DataOps / MLOps Engineer (Databricks | Azure)
Location: London, Greater London, United Kingdom
Salary: €6000 – 8500
Hours: 32 – 40 hours per week
Domain: Tech & Digital
Overview
Build and operate the foundation of a global AI‑powered data platform. You will take ownership of the reliability, scalability, and observability of the Headless Data Architecture (HDA), ensuring that data and AI pipelines run seamlessly across regions and environments.
Your impact
In this role you ensure the underlying data and AI infrastructure is stable, scalable, and production‑ready across Europe, the UK, the US, and APAC. You monitor pipelines, resolve incidents, drive automation, infrastructure‑as‑code, and cost optimisation, and support AI/ML workloads at scale.
What you will do
* Operate and maintain the end‑to‑end data and AI platform on Databricks and Azure
* Monitor, troubleshoot, and resolve production issues across data and ML pipelines
* Manage Unity Catalog governance, access control, and data sharing structures
* Build and maintain data ingestion and integration pipelines (e.g., using SnapLogic)
* Implement observability frameworks with tools such as OpenTelemetry and Grafana
* Automate infrastructure provisioning using Infrastructure‑as‑Code (e.g., Terraform)

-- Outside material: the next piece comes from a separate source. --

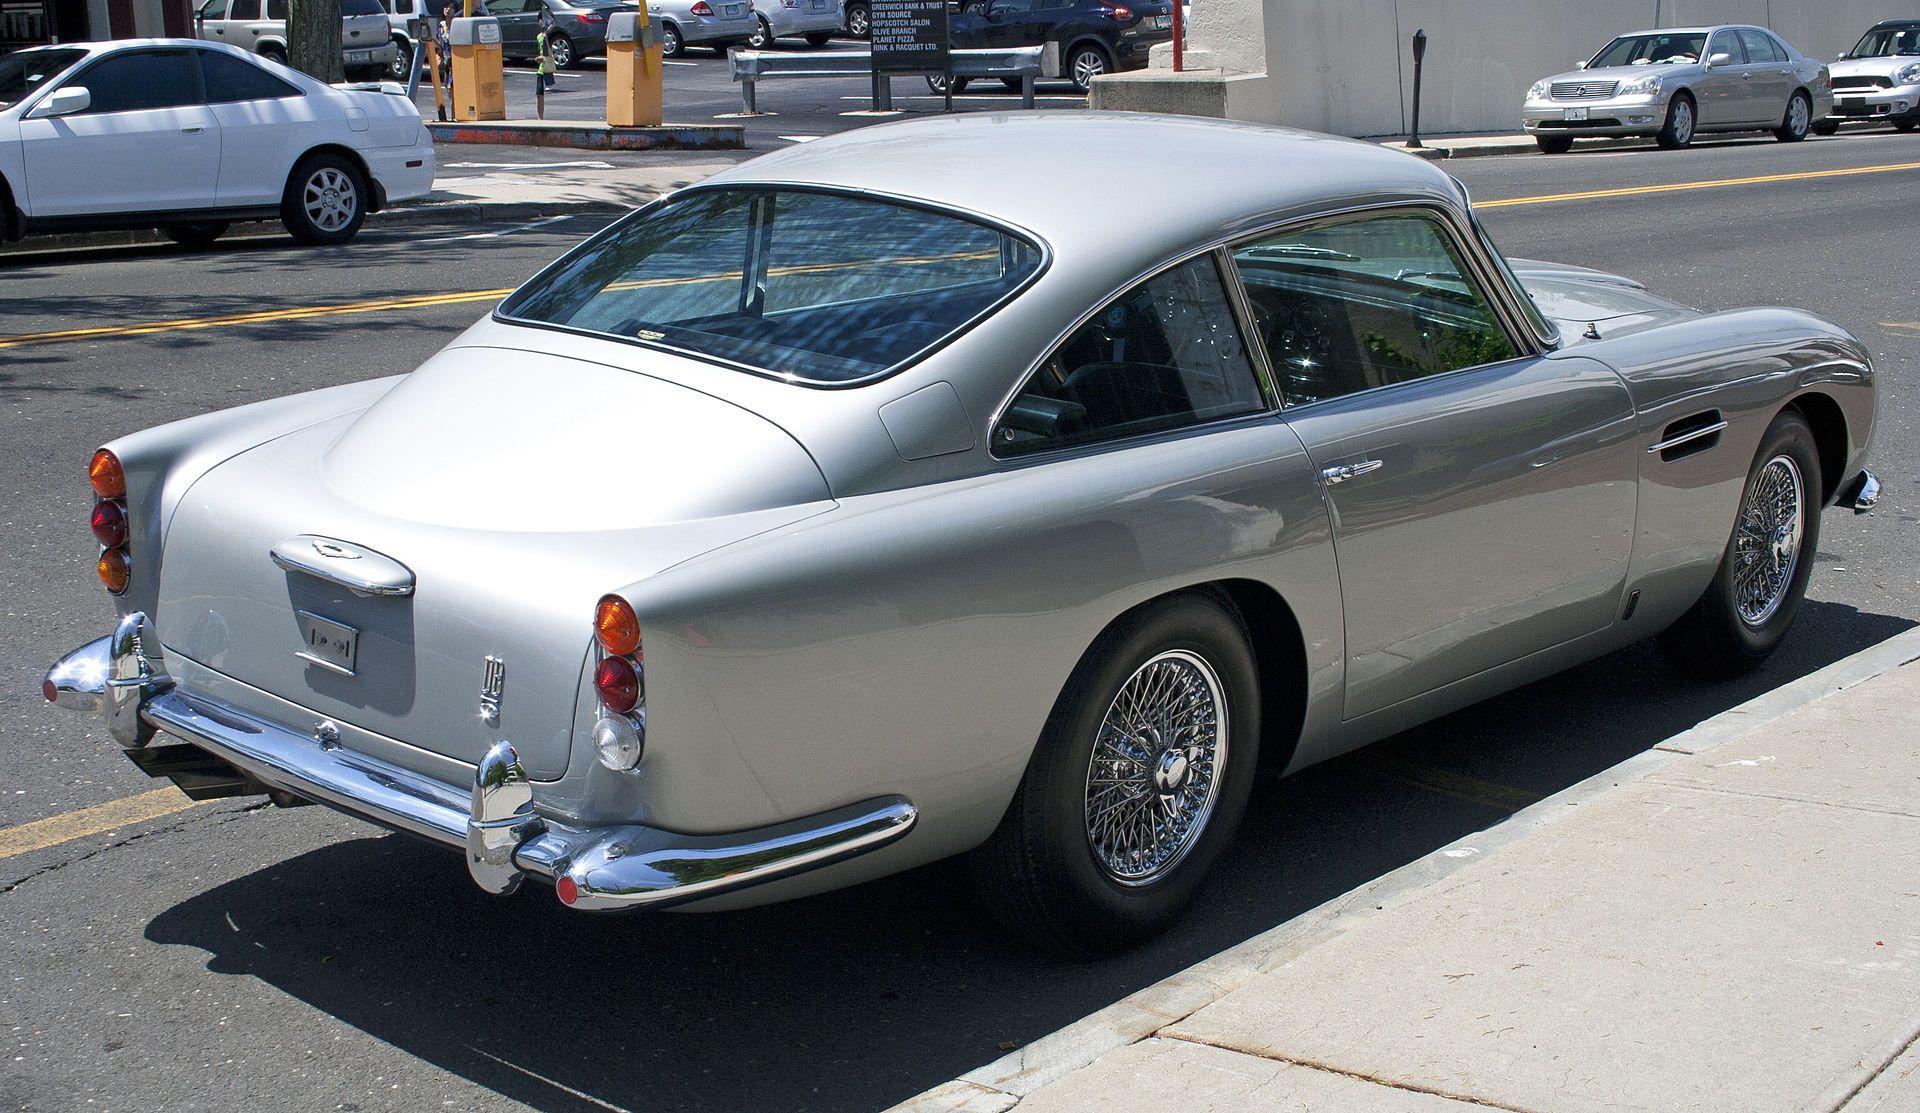 am db5 rear - aston martin db5 - wikipedia, the free encyclopedia
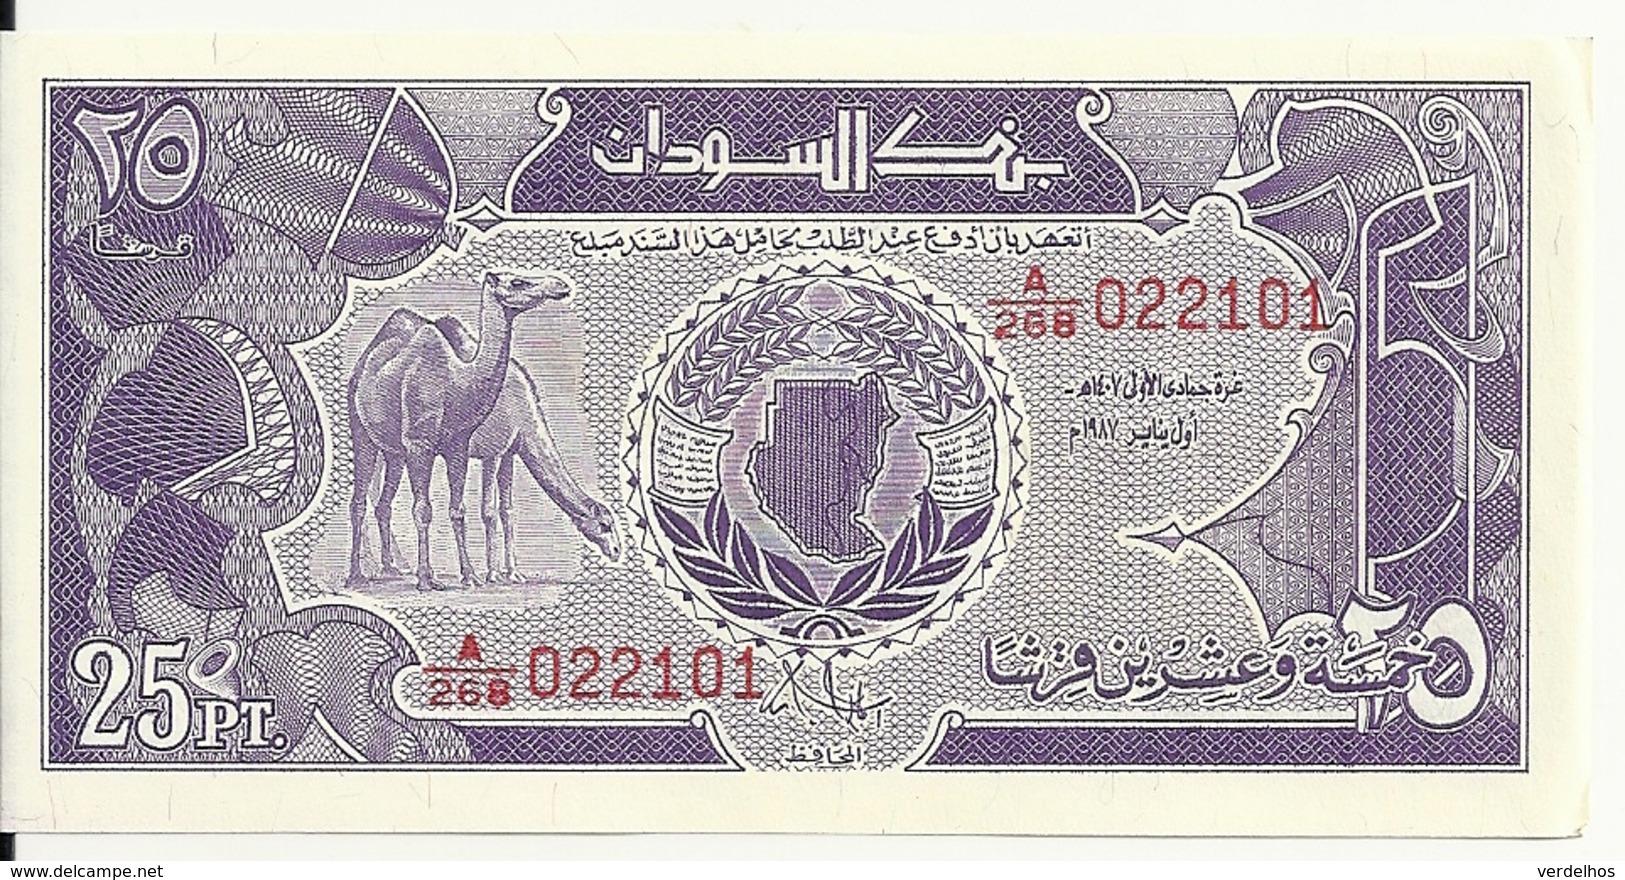 SOUDAN 25 PIASTRES 1985 AUNC P 37 - Soudan

* Optimize compute usage, scaling policies, and overall platform cost efficiency
* Support AI/ML evaluation frameworks and model validation pipelines
* Manage the lifecycle, versioning, and deployment of prompts across environments
* Implement AI guardrails, safety layers, and monitoring for production systems
* Contribute to internal tooling and platform acceleration initiatives
* Collaborate across data, platform, and AI teams to continuously improve the platform
About the role
You will be part of a growing Data & AI division that plays a central role in the transformation of HeadFirst Group x Impellam into a truly data‑driven organization. The role ensures that everything built on the platform—analytics to AI products—is reliable, secure, and scalable.
Qualifications
* 3–5+ years of experience in platform engineering, DataOps, or MLOps
* Extensive experience with Databricks (cluster management, jobs, Unity Catalog, Delta Lake)
* Experience with Azure (ADLS, networking, identity, cost management)
* Experience with integration platforms such as SnapLogic or similar iPaaS tools
* Solid experience with Infrastructure‑as‑Code (Terraform or equivalent)
* Strong knowledge of observability tools (OpenTelemetry, Grafana, or similar)
* Experience with CI/CD pipelines and automated deployments
* Strong Python and/or Scala skills for automation and pipeline scripting
* Understanding of data quality frameworks and monitoring
* Experience with AI/ML platform concepts such as model evaluation, deployment, or safety measures
Professional attributes
* Reliability‑first mindset—prioritise uptime, stability, and data quality
* Strong ownership—manage incidents from detection to resolution
* Collaborative approach involving data, platform, and AI teams
* Pragmatic thinking that balances performance, cost, and scalability
* Clear communication—able to explain platform risks and status to stakeholders
#J-18808-Ljbffr